What is needed: So that the copy stays text only, transcribe the data below exactly and exclude the images.

Supplied material:
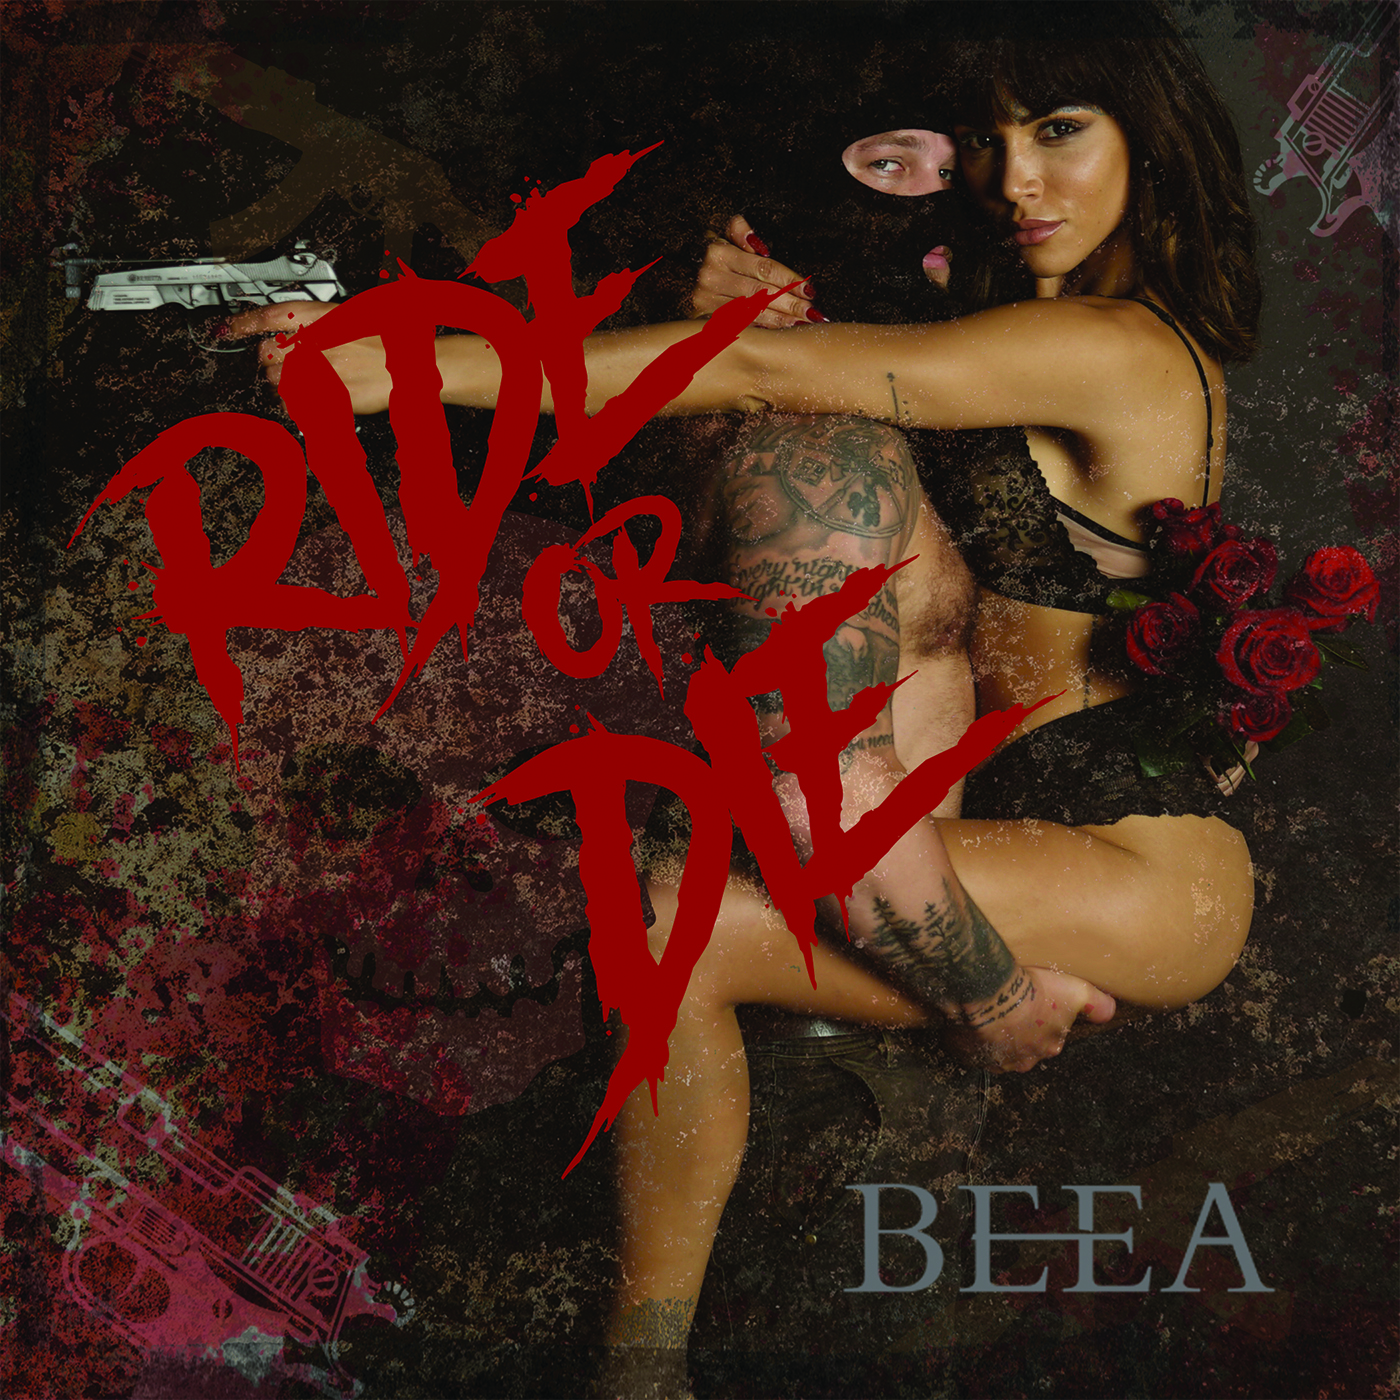 Beea – “Ride or Die” [VIDEO]
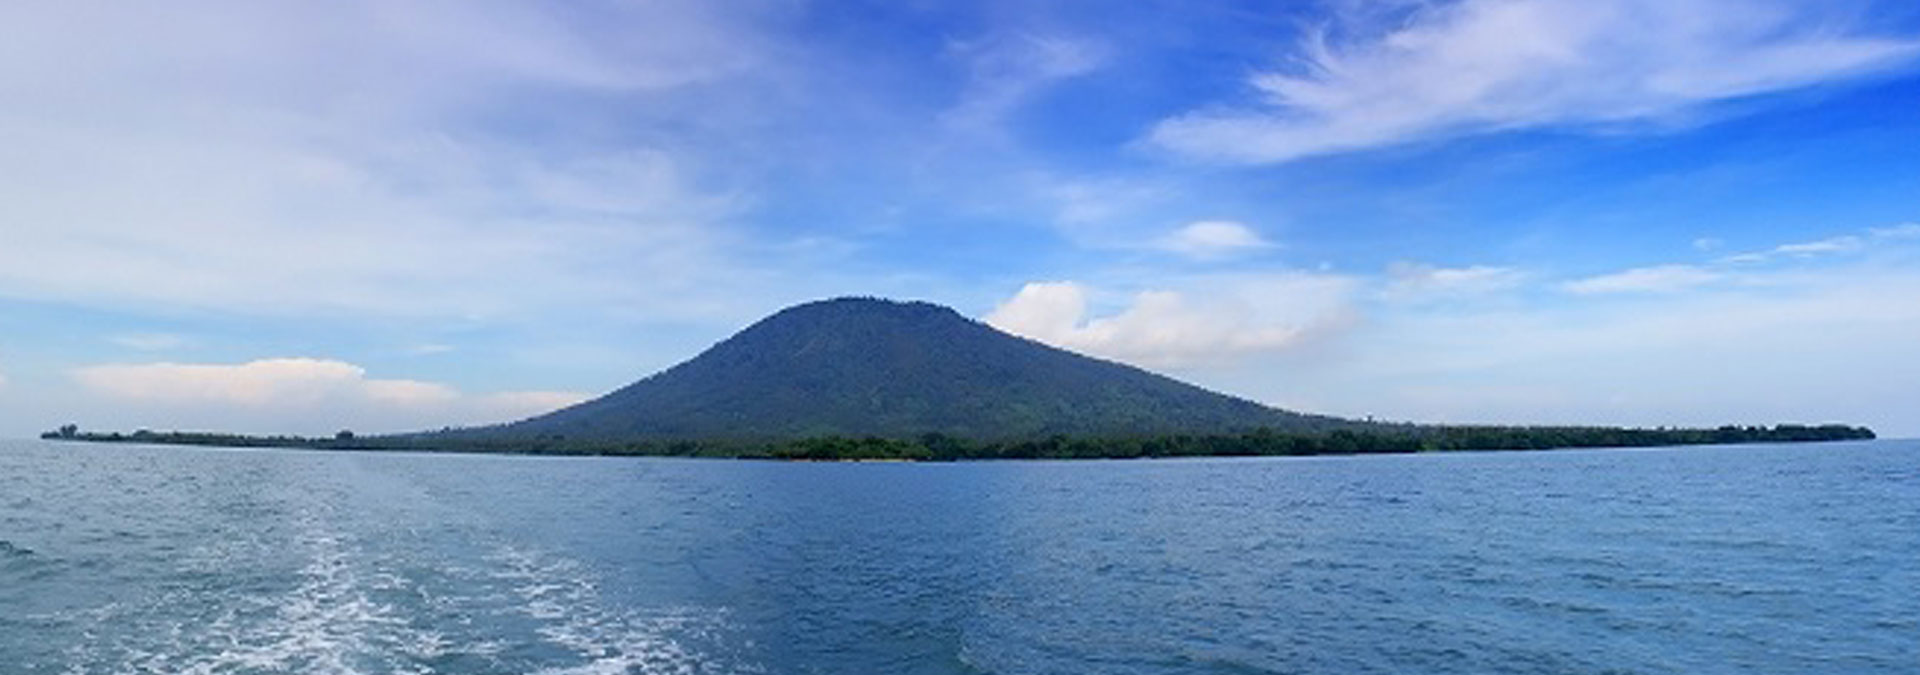 krakatau tour, krakatoa tour, to krakatau
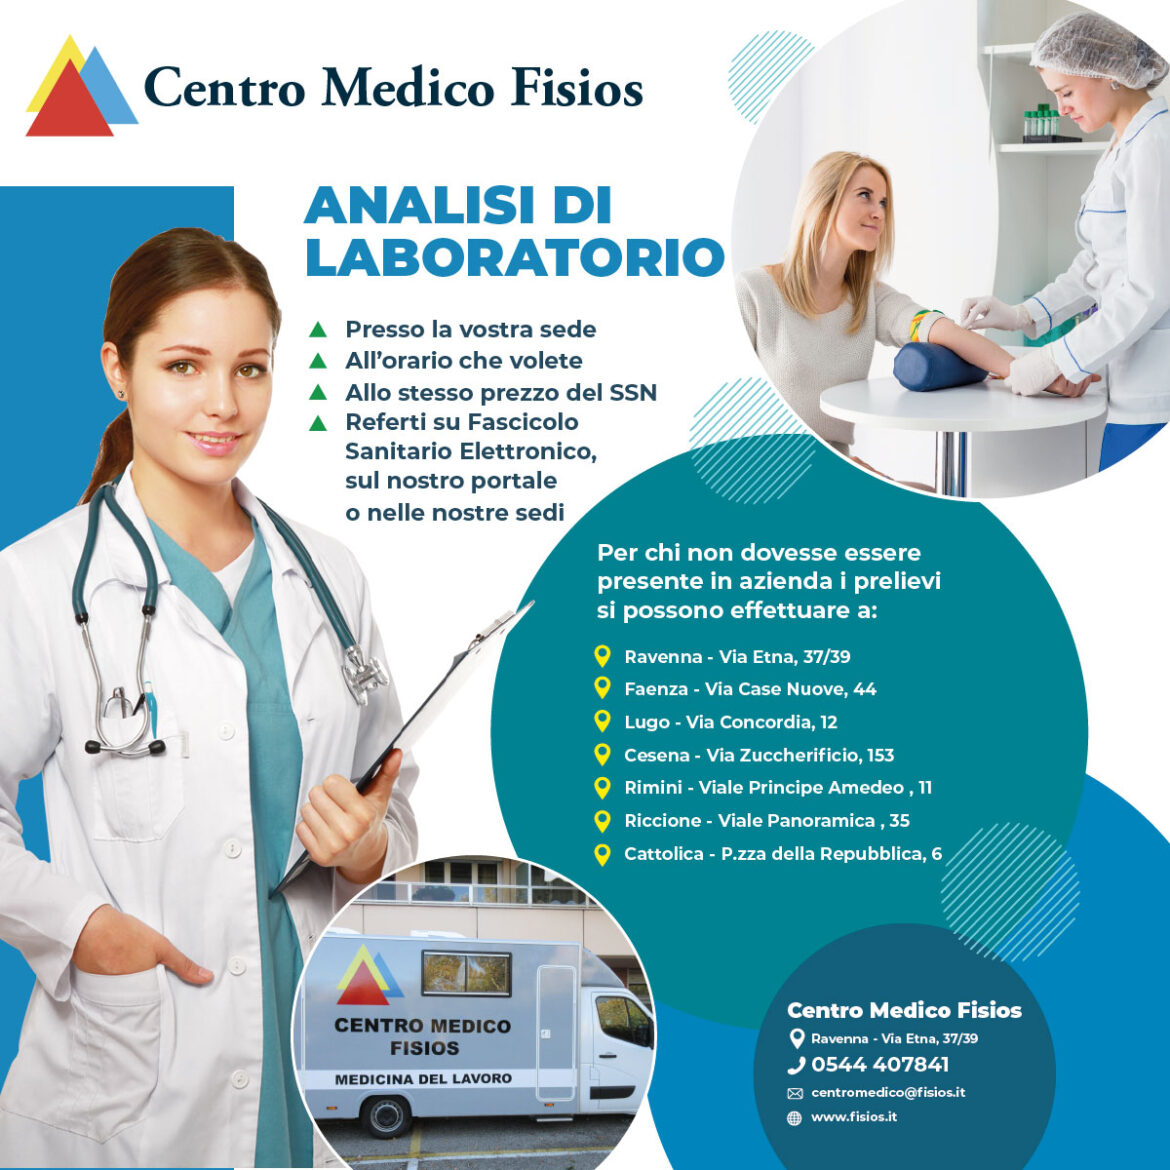 Analisi di laboratorio - Centro Medico Fisios
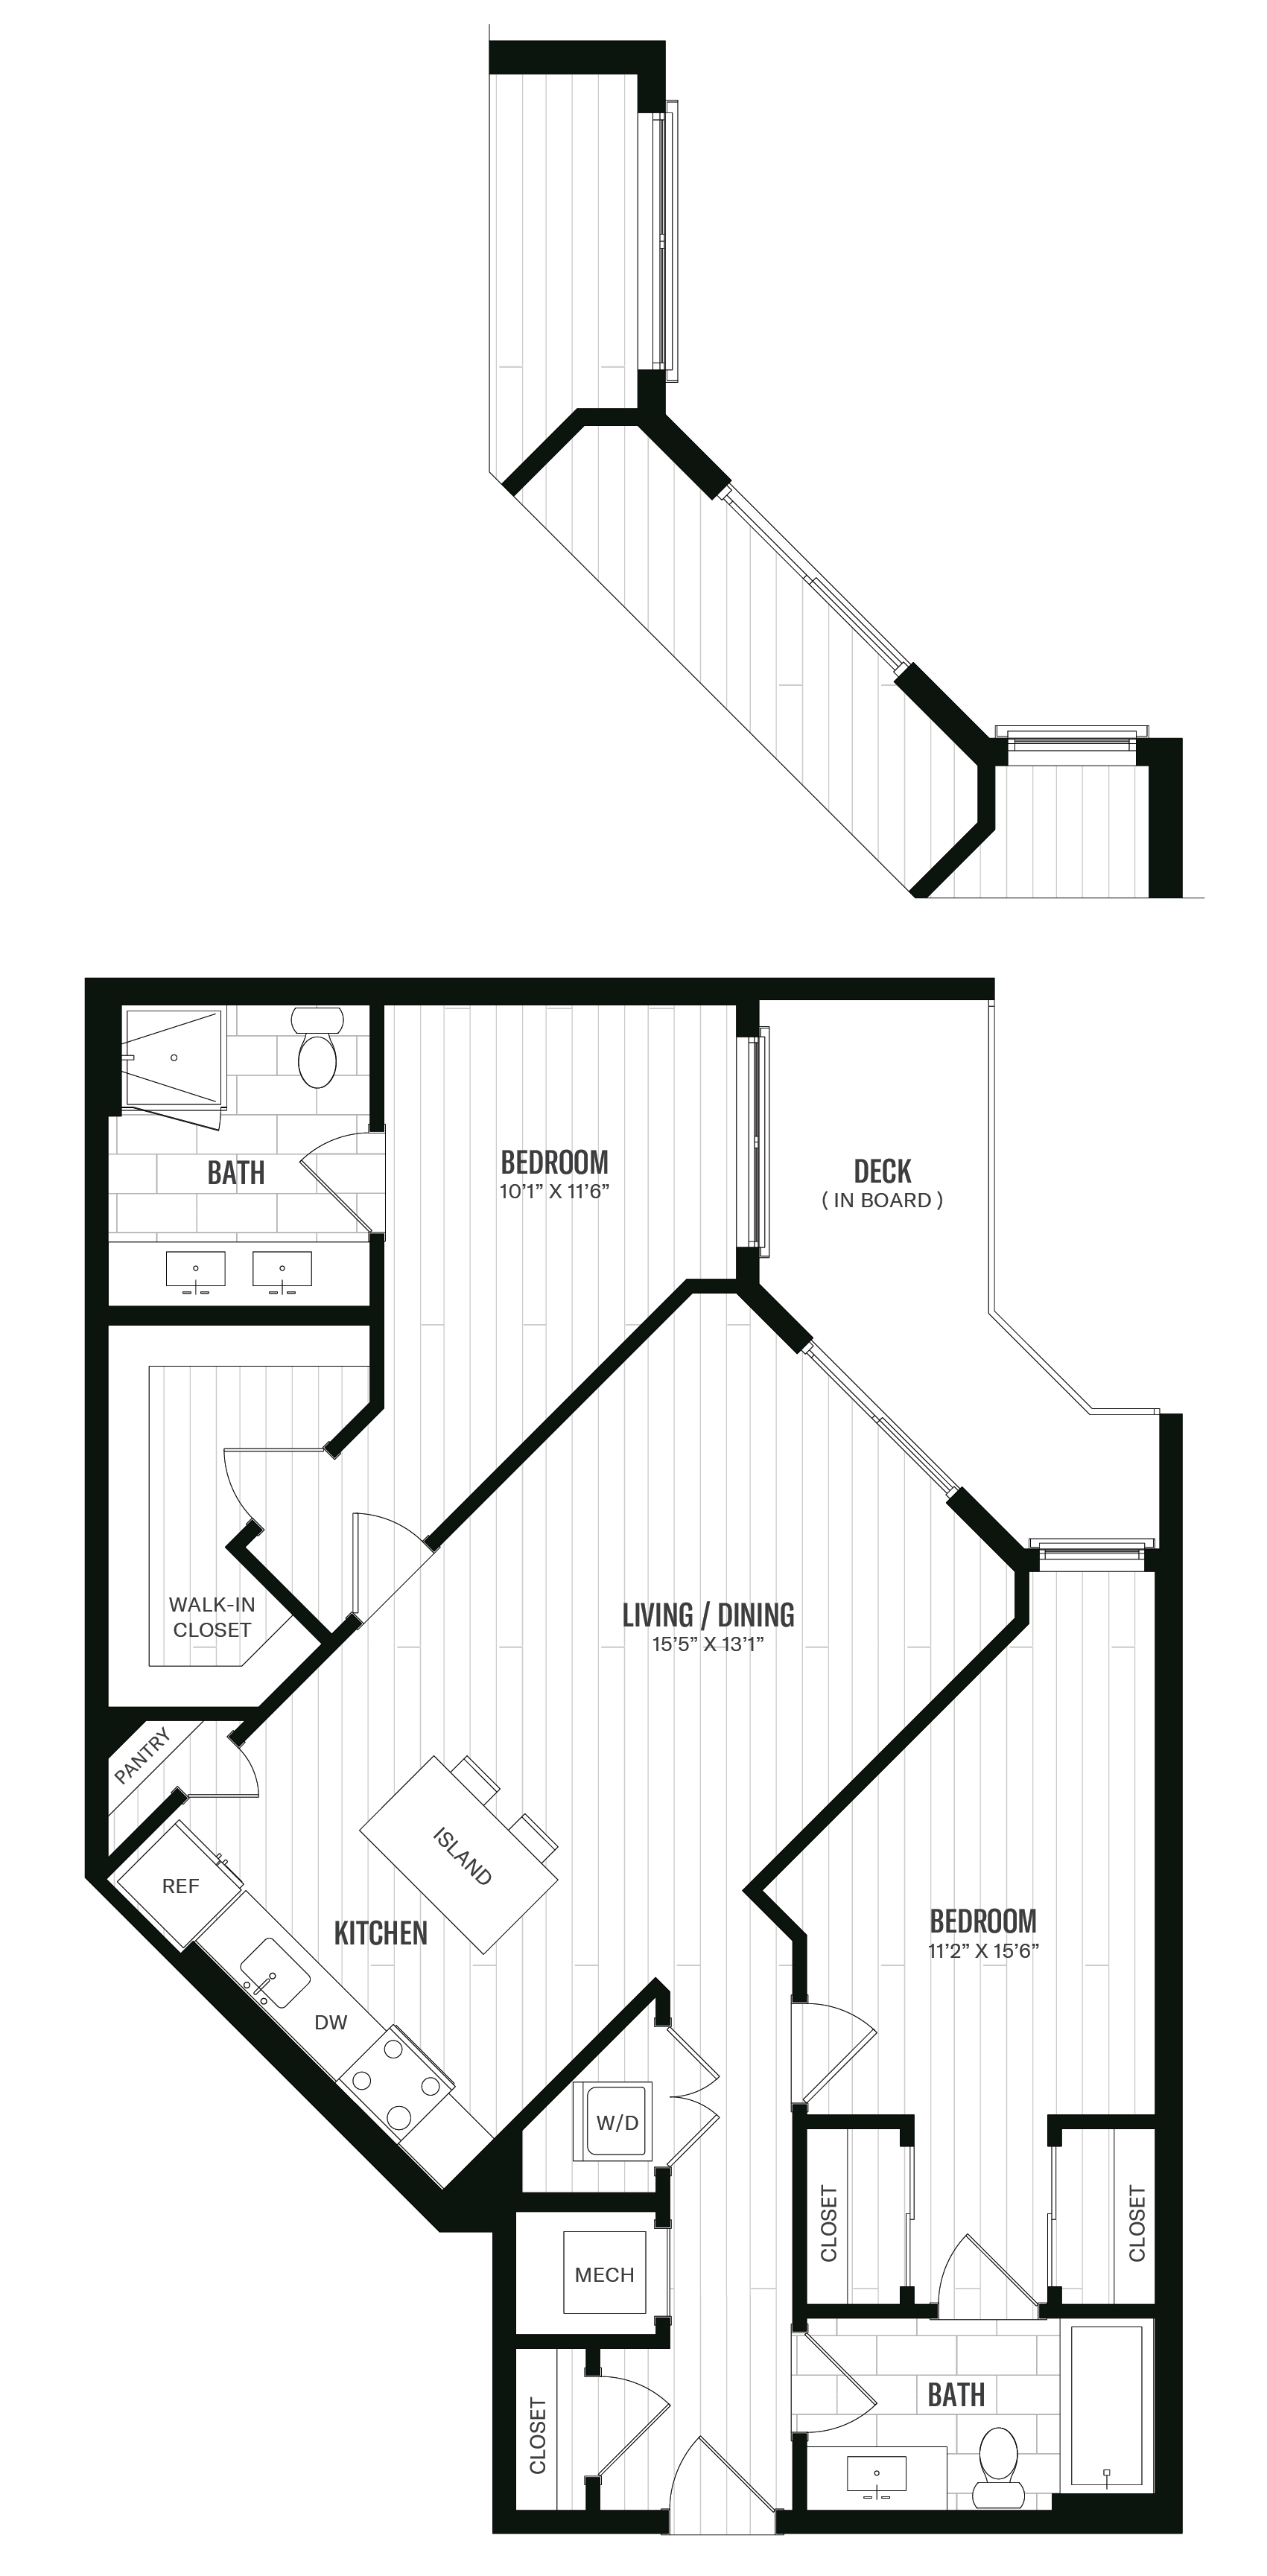 Floorplan image of unit 403

Answer for this exercise:
 Beea – “Ride or Die” [VIDEO]
 krakatau tour, krakatoa tour, to krakatau
 Analisi di laboratorio - Centro Medico Fisios
 Floorplan image of unit 403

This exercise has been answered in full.